There are several structures known in the literature in which Cu2+ cations are five-coordinated by two Cl- ligands and three N atoms of organic ligands. A detailed analysis of their coordination polyhedra shows that most of them have a distorted tetragonal pyramidal coordination. In these cases, either the Cl- or the N ligand can occupy the apical position. However, the Cu—X distance to the apical ligand (X is Cl or N) is always much longer than those within the basal plane. The geometrical parameters in (I) are comparable with those found in some of the structures mentioned above if they contain one N atom in the apical position, e.g. dichloro-[6-ethoxy-6-hydroxy- 1,3,5-tri(2,6)pyridacyclohexaphane-2,4-dione]copper(II) ethanol solvate (Newkome et al., 1990) or dichloro-[1-(pent-3-ynyl)-1,4,7-triazacyclononane]copper(II) (Ellis et al., 1999). However, the exact geometry depends strongly on the nature of the organic ligands, e.g. whether mono- or multidentate ligands are present.

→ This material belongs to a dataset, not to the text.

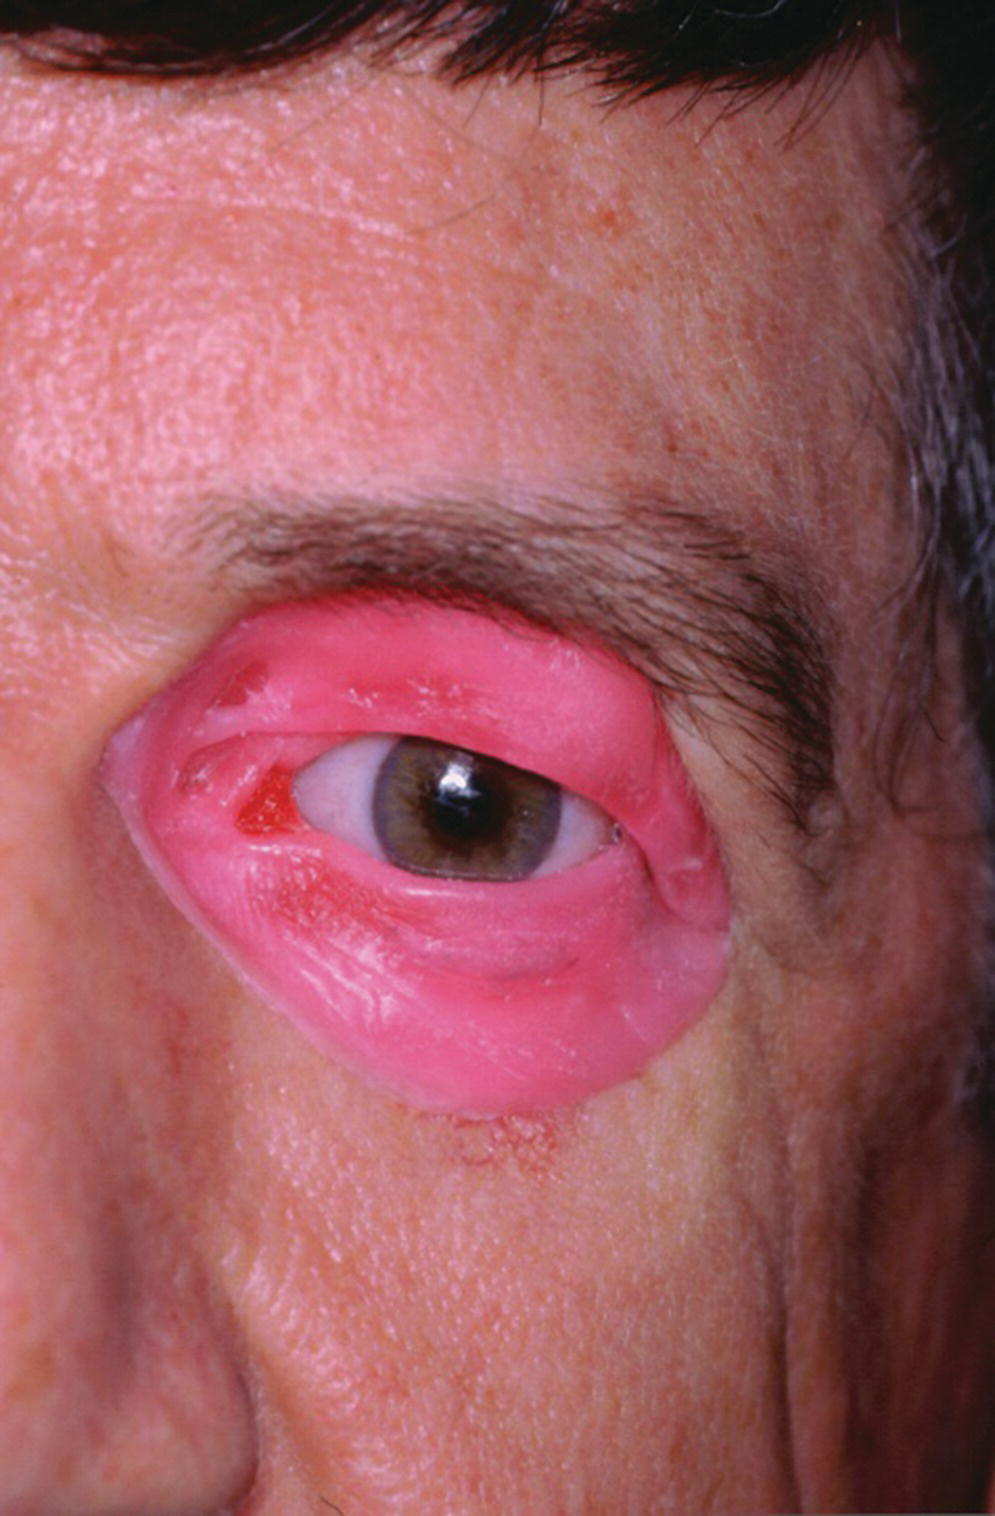 Photo of patient's left eye with surrounding area subjected to diagnostic waxing for presurgical planning.

The 2,5-dimethylpyrazine ligands in (I) connect the Cu2+ cations into chains via µ-N:N' coordination (Fig. 2). The C—N—Cu angles deviate only slightly from 120° and the Cu2+ cation is located in the plane of the six-membered ring, which shows that the cation is oriented in the direction of the lone-pair on the N atom. For the longer Cu—N distance to the apical N atom, the lone-pair directionality is much less distinctive. The methyl groups of the 2,5-dimethylpyrazine ligands are located below the basal plane of the pyramid. Therefore, a possible coordination of the cations with the formation of an octahedral geometry, which is frequently observed for Cu2+ cations, is prevented.
There are some short intermolecular Cl···H distances between the Cl- anions and the methyl H atoms of neighbouring parallel chains, which may be interpreted as hydrogen bonds (Table 2).